Chacun sous leur angle, avec leurs concepts propres, les chercheurs vont accumuler des données pour arriver, en les croisant, à établir une cartographie évolutive de Bruxelles, de ses quartiers et ses élites à travers le temps. Ou comment avec des méthodologies différentes mais une concertation scientifique étroite, des géographes, des historiens et des sociologues arrivent à des points de convergence ou de divergence... Parce que c'est effectivement là, dans cette multidisciplinarité, que se situe la principale originalité du projet. " À l'ULB, le dialogue entre géographe et historien ou entre géographe et sociologue avait une certaine tradition, mais un dialogue à trois comme dans ce cas, c'est une nouveauté ", constate Mathieu Van Criekingen, chercheur FNRS au sein du Laboratoire de géographie humaine de l'ULB.

Une telle démarche implique bien sûr que chaque spécialiste apprenne qui est l'autre, à quelles caractéristiques de la ville il s'intéresse, etc. Les trois thèses menées dans le cadre de cette ARC se nourriront mutuellement. Des réunions avec l'ensemble des partenaires sont programmées tous les quinze jours. Des séminaires de rencontre sont organisés, apportant notamment le regard d'experts internationaux (des spécialistes de Paris ou de Montréal ont participé aux premiers séminaires). Des outils communs - en particulier cette cartographie de Bruxelles inédite - vont être réalisés. " À travers cette ARC, nous réunissons différentes équipes qui travaillent sur la ville au sein de l'Université et qui ont une compétence sur Bruxelles. Nous avons là un pôle scientifique fort ", souligne Françoise Noël.

Nathalie Gobbe

Les élites dans la ville et leur rôle dans la (re)composition urbaine constituent le sujet central d'une recherche qui vient de commencer à l'ULB et qui - fait rare - réunit des historiens, des sociologues et des géographes. Découverte de cette ARC (Action de recherche concertée) multidisciplinaire.

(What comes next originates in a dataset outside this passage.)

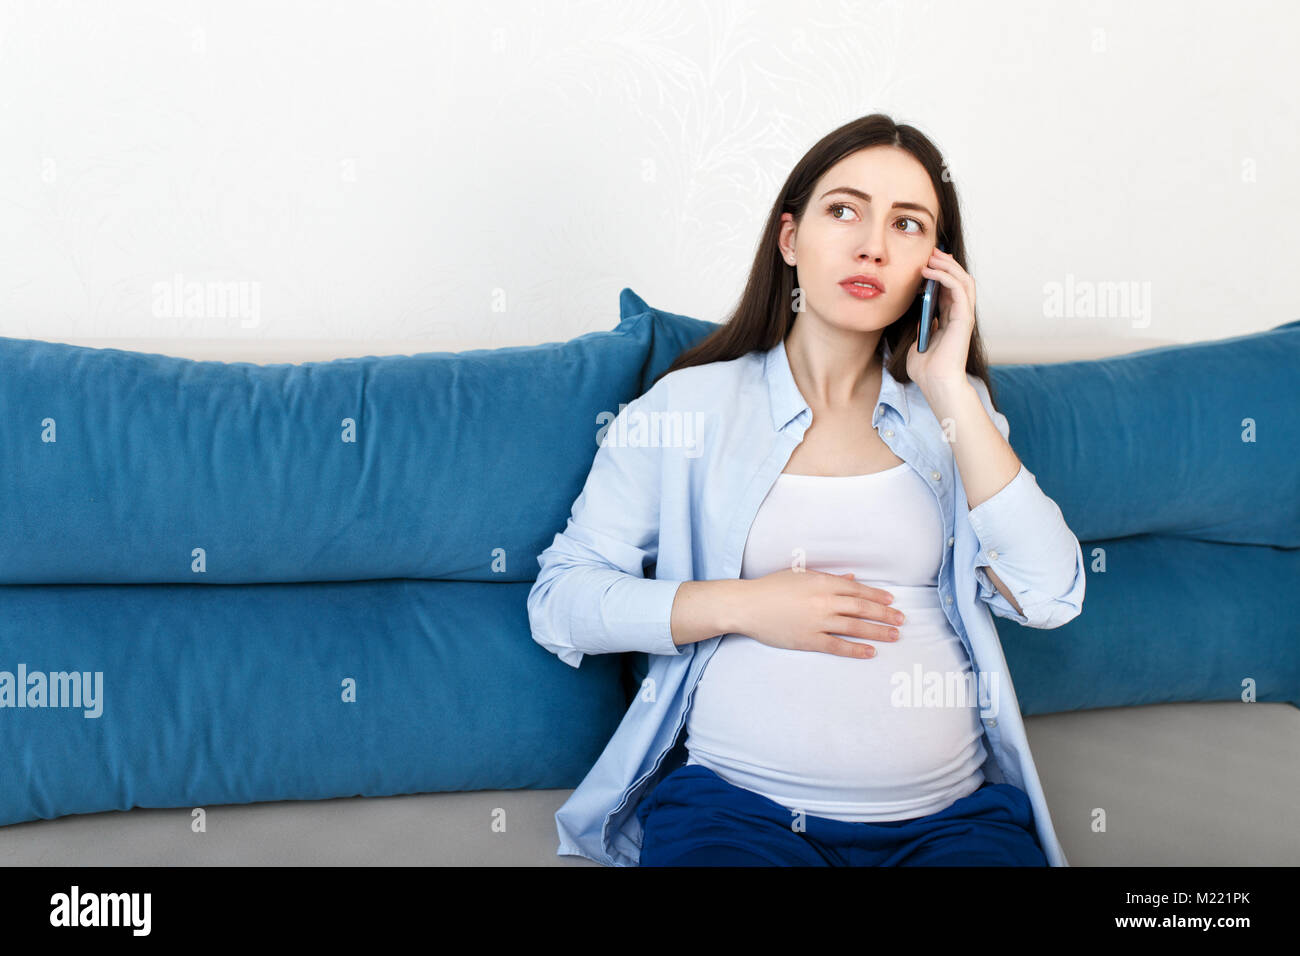 pregnant woman talking on phone Stock Photo

Nouveau Master international
Synergie naturelle entre recherche et enseignement... L'ULB participe à la création d'un nouveau Master international en études urbaines. Créé au sein du réseau Unica (réseau des universités des capitales européennes), ce Master devrait réunir l'ULB, la VUB, deux universités madrilènes, l'Université de Vienne et l'Université de Copenhague. Les étudiants passeront six mois dans chaque capitale où ils étudieront différents aspects de la ville : géographie économique et sociale des villes européennes, dimension culturelle ou festive, démographie et migration, urbanisme et architecture ou encore, gouvernance urbaine. Le cycle sera lancé depuis Bruxelles. L'ensemble du cursus se fera en anglais.